Not everything is going as per plan at Ola land. The self proclaimed world’s biggest electric scooter company was supposed to start taking final payment of its maiden scooters–S1 and S1 pro from last Monday and begin deliveries from next Monday. Instead it has now pushed it back by at least 20 days. Ola would now take final payment only after November 10, when it intends to start offering test rides on a mass scale.
“It is incorrect to say we are not meeting our timelines. The only timeline we gave was a delivery window to customers and we will honour our commitments on that,” said Varun Dubey, the chief marketing officer at Ola Electric. “It is a better experience for customers if they make the payment after they have ridden the scooter. Which will happen from November 10 and the deliveries will start shortly thereafter. If the customer decides to cancel (his/her) order after the test ride, (he/she) gets the full refund. (Ola had taken a Rs 20,000 purchase order in September). No questions asked.”
The company is keen to play this down as just a niggle but it has kicked up a storm on social media. Besides making a forceful entry into electric mobility, Ola is also experimenting with new business models like not using the traditional dealer network for sales and service. Lack of sufficient information on how it intends to do so–road tax and registration of vehicles is a tedious process, has raised anxiety levels of the waiting customers. Moreover, Ola got pillaged for lack of transparency.
While accepting purchase bookings on September 16, which itself had got pushed by a week, Ola had indicated the first set of deliveries would happen from October 25 to November 25. Its website still says deliveries would begin from this month.

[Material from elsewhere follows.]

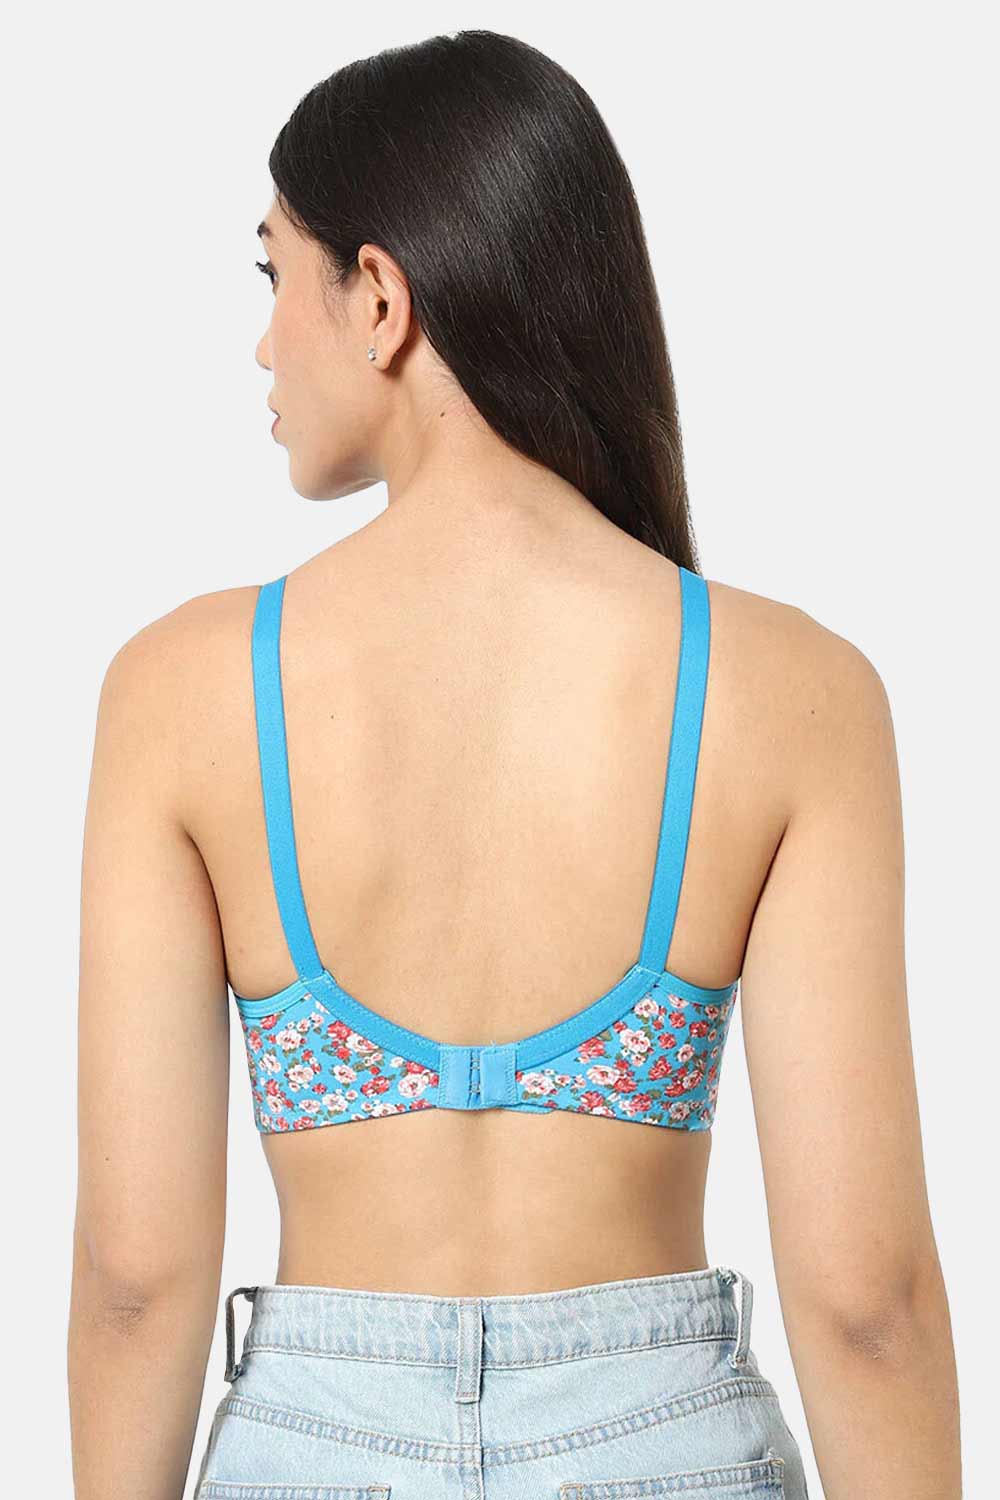 Intimacy High Coverage Cotton Blend  Non-Wired  T-Shirt Saree Bra- Light blue print

Dubey is holding on to the promise and making use of the full duration of the window but it is clear now that no customer will get the scooter this month.
“It (deliveries) was supposed to start towards the end of October and 18th is when we were supposed to take payments,” Dubey said. “However we also realised that it is a much better experience for customers to pay the balance amount after the test ride. So November 10 is the date and it is for the first time that we’ve officially communicated a date for test rides.”
Except that it is not true. Till a few days back, the company’s website mentioned that the test rides would begin from October 25, the same day as the deliveries were originally supposed to start, which has now been updated to November.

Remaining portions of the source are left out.